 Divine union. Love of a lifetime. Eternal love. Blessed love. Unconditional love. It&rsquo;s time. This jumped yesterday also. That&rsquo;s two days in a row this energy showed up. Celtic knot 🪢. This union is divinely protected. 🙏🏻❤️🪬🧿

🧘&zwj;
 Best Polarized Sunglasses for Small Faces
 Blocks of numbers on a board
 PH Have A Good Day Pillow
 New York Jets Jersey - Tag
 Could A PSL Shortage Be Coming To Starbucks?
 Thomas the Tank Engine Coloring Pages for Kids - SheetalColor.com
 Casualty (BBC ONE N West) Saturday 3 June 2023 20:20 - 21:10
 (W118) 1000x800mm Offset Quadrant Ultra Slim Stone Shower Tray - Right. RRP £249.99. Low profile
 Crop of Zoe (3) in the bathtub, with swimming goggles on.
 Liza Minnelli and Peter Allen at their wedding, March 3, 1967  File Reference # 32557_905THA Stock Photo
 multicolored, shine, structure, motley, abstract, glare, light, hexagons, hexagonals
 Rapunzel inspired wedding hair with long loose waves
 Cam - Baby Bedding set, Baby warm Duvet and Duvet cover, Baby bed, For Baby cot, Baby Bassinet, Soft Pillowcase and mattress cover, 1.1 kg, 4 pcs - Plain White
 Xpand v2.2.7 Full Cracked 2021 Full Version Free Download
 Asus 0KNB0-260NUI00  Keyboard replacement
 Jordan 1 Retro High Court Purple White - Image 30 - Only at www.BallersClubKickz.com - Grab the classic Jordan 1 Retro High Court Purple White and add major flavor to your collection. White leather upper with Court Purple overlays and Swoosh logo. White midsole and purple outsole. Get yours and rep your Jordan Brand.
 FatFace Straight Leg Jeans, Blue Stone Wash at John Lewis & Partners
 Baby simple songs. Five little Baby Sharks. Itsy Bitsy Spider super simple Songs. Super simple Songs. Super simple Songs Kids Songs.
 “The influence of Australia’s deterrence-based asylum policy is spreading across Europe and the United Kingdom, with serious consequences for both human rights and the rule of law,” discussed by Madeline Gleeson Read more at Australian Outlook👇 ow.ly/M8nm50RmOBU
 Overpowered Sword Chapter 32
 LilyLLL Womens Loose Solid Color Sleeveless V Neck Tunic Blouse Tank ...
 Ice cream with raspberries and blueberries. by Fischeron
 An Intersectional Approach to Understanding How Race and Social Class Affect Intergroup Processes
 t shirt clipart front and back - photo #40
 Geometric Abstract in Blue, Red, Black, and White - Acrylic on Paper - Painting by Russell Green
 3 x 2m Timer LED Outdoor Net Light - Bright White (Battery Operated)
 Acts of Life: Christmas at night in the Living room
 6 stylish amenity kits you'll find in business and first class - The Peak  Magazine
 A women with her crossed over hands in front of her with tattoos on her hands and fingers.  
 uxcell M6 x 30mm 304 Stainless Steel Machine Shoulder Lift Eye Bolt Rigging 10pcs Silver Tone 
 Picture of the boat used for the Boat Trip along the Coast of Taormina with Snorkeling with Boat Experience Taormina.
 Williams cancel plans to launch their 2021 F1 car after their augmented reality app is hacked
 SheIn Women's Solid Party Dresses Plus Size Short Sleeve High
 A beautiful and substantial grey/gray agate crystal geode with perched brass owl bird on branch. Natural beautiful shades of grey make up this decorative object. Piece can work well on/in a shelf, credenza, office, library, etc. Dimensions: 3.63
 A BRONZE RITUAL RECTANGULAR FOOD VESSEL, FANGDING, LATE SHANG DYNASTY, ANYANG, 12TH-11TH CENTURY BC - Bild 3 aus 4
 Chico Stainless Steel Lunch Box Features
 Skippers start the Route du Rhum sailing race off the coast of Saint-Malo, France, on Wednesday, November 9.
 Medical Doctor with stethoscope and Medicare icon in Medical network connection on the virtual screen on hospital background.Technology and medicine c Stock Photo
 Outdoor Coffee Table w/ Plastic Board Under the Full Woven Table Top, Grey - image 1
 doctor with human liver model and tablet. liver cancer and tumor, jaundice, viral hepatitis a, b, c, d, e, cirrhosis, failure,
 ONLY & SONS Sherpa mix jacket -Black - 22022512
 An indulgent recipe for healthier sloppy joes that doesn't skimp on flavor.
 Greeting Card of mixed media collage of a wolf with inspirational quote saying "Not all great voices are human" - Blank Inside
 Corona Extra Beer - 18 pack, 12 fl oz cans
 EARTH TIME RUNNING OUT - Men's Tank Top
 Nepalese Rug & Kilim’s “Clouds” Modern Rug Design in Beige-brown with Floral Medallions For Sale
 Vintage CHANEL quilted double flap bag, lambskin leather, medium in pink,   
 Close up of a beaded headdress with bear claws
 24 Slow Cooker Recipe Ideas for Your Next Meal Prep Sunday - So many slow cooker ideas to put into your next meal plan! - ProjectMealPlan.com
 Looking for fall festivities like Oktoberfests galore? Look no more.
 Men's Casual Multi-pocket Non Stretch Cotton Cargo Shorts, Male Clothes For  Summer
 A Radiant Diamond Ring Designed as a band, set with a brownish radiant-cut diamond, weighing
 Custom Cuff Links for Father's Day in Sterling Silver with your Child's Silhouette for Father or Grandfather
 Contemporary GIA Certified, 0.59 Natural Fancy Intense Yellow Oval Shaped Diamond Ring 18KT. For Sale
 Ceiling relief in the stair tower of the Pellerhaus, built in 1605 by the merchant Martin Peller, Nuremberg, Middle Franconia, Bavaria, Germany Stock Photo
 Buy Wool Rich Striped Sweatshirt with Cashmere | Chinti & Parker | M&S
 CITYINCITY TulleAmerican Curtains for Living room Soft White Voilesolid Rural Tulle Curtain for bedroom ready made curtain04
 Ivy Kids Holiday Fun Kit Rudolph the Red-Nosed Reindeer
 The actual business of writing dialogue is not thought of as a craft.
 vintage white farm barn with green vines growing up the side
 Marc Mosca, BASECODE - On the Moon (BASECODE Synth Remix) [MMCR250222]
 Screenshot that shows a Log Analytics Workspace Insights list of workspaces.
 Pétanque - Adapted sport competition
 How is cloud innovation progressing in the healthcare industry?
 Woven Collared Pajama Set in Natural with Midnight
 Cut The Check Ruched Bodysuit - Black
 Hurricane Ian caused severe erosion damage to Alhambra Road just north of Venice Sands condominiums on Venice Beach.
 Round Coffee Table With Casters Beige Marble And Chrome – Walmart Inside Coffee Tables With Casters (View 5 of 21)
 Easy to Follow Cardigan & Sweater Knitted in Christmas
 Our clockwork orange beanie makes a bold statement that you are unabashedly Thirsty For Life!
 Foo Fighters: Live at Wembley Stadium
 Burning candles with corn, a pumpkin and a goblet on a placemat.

Problem description: Each line above needs to be written out again exactly.

Problem solution:
 Divine union. Love of a lifetime. Eternal love. Blessed love. Unconditional love. It&rsquo;s time. This jumped yesterday also. That&rsquo;s two days in a row this energy showed up. Celtic knot 🪢. This union is divinely protected. 🙏🏻❤️🪬🧿

🧘&zwj;
 Best Polarized Sunglasses for Small Faces
 Blocks of numbers on a board
 PH Have A Good Day Pillow
 New York Jets Jersey - Tag
 Could A PSL Shortage Be Coming To Starbucks?
 Thomas the Tank Engine Coloring Pages for Kids - SheetalColor.com
 Casualty (BBC ONE N West) Saturday 3 June 2023 20:20 - 21:10
 (W118) 1000x800mm Offset Quadrant Ultra Slim Stone Shower Tray - Right. RRP £249.99. Low profile
 Crop of Zoe (3) in the bathtub, with swimming goggles on.
 Liza Minnelli and Peter Allen at their wedding, March 3, 1967  File Reference # 32557_905THA Stock Photo
 multicolored, shine, structure, motley, abstract, glare, light, hexagons, hexagonals
 Rapunzel inspired wedding hair with long loose waves
 Cam - Baby Bedding set, Baby warm Duvet and Duvet cover, Baby bed, For Baby cot, Baby Bassinet, Soft Pillowcase and mattress cover, 1.1 kg, 4 pcs - Plain White
 Xpand v2.2.7 Full Cracked 2021 Full Version Free Download
 Asus 0KNB0-260NUI00  Keyboard replacement
 Jordan 1 Retro High Court Purple White - Image 30 - Only at www.BallersClubKickz.com - Grab the classic Jordan 1 Retro High Court Purple White and add major flavor to your collection. White leather upper with Court Purple overlays and Swoosh logo. White midsole and purple outsole. Get yours and rep your Jordan Brand.
 FatFace Straight Leg Jeans, Blue Stone Wash at John Lewis & Partners
 Baby simple songs. Five little Baby Sharks. Itsy Bitsy Spider super simple Songs. Super simple Songs. Super simple Songs Kids Songs.
 “The influence of Australia’s deterrence-based asylum policy is spreading across Europe and the United Kingdom, with serious consequences for both human rights and the rule of law,” discussed by Madeline Gleeson Read more at Australian Outlook👇 ow.ly/M8nm50RmOBU
 Overpowered Sword Chapter 32
 LilyLLL Womens Loose Solid Color Sleeveless V Neck Tunic Blouse Tank ...
 Ice cream with raspberries and blueberries. by Fischeron
 An Intersectional Approach to Understanding How Race and Social Class Affect Intergroup Processes
 t shirt clipart front and back - photo #40
 Geometric Abstract in Blue, Red, Black, and White - Acrylic on Paper - Painting by Russell Green
 3 x 2m Timer LED Outdoor Net Light - Bright White (Battery Operated)
 Acts of Life: Christmas at night in the Living room
 6 stylish amenity kits you'll find in business and first class - The Peak  Magazine
 A women with her crossed over hands in front of her with tattoos on her hands and fingers.  
 uxcell M6 x 30mm 304 Stainless Steel Machine Shoulder Lift Eye Bolt Rigging 10pcs Silver Tone 
 Picture of the boat used for the Boat Trip along the Coast of Taormina with Snorkeling with Boat Experience Taormina.
 Williams cancel plans to launch their 2021 F1 car after their augmented reality app is hacked
 SheIn Women's Solid Party Dresses Plus Size Short Sleeve High
 A beautiful and substantial grey/gray agate crystal geode with perched brass owl bird on branch. Natural beautiful shades of grey make up this decorative object. Piece can work well on/in a shelf, credenza, office, library, etc. Dimensions: 3.63
 A BRONZE RITUAL RECTANGULAR FOOD VESSEL, FANGDING, LATE SHANG DYNASTY, ANYANG, 12TH-11TH CENTURY BC - Bild 3 aus 4
 Chico Stainless Steel Lunch Box Features
 Skippers start the Route du Rhum sailing race off the coast of Saint-Malo, France, on Wednesday, November 9.
 Medical Doctor with stethoscope and Medicare icon in Medical network connection on the virtual screen on hospital background.Technology and medicine c Stock Photo
 Outdoor Coffee Table w/ Plastic Board Under the Full Woven Table Top, Grey - image 1
 doctor with human liver model and tablet. liver cancer and tumor, jaundice, viral hepatitis a, b, c, d, e, cirrhosis, failure,
 ONLY & SONS Sherpa mix jacket -Black - 22022512
 An indulgent recipe for healthier sloppy joes that doesn't skimp on flavor.
 Greeting Card of mixed media collage of a wolf with inspirational quote saying "Not all great voices are human" - Blank Inside
 Corona Extra Beer - 18 pack, 12 fl oz cans
 EARTH TIME RUNNING OUT - Men's Tank Top
 Nepalese Rug & Kilim’s “Clouds” Modern Rug Design in Beige-brown with Floral Medallions For Sale
 Vintage CHANEL quilted double flap bag, lambskin leather, medium in pink,   
 Close up of a beaded headdress with bear claws
 24 Slow Cooker Recipe Ideas for Your Next Meal Prep Sunday - So many slow cooker ideas to put into your next meal plan! - ProjectMealPlan.com
 Looking for fall festivities like Oktoberfests galore? Look no more.
 Men's Casual Multi-pocket Non Stretch Cotton Cargo Shorts, Male Clothes For  Summer
 A Radiant Diamond Ring Designed as a band, set with a brownish radiant-cut diamond, weighing
 Custom Cuff Links for Father's Day in Sterling Silver with your Child's Silhouette for Father or Grandfather
 Contemporary GIA Certified, 0.59 Natural Fancy Intense Yellow Oval Shaped Diamond Ring 18KT. For Sale
 Ceiling relief in the stair tower of the Pellerhaus, built in 1605 by the merchant Martin Peller, Nuremberg, Middle Franconia, Bavaria, Germany Stock Photo
 Buy Wool Rich Striped Sweatshirt with Cashmere | Chinti & Parker | M&S
 CITYINCITY TulleAmerican Curtains for Living room Soft White Voilesolid Rural Tulle Curtain for bedroom ready made curtain04
 Ivy Kids Holiday Fun Kit Rudolph the Red-Nosed Reindeer
 The actual business of writing dialogue is not thought of as a craft.
 vintage white farm barn with green vines growing up the side
 Marc Mosca, BASECODE - On the Moon (BASECODE Synth Remix) [MMCR250222]
 Screenshot that shows a Log Analytics Workspace Insights list of workspaces.
 Pétanque - Adapted sport competition
 How is cloud innovation progressing in the healthcare industry?
 Woven Collared Pajama Set in Natural with Midnight
 Cut The Check Ruched Bodysuit - Black
 Hurricane Ian caused severe erosion damage to Alhambra Road just north of Venice Sands condominiums on Venice Beach.
 Round Coffee Table With Casters Beige Marble And Chrome – Walmart Inside Coffee Tables With Casters (View 5 of 21)
 Easy to Follow Cardigan & Sweater Knitted in Christmas
 Our clockwork orange beanie makes a bold statement that you are unabashedly Thirsty For Life!
 Foo Fighters: Live at Wembley Stadium
 Burning candles with corn, a pumpkin and a goblet on a placemat.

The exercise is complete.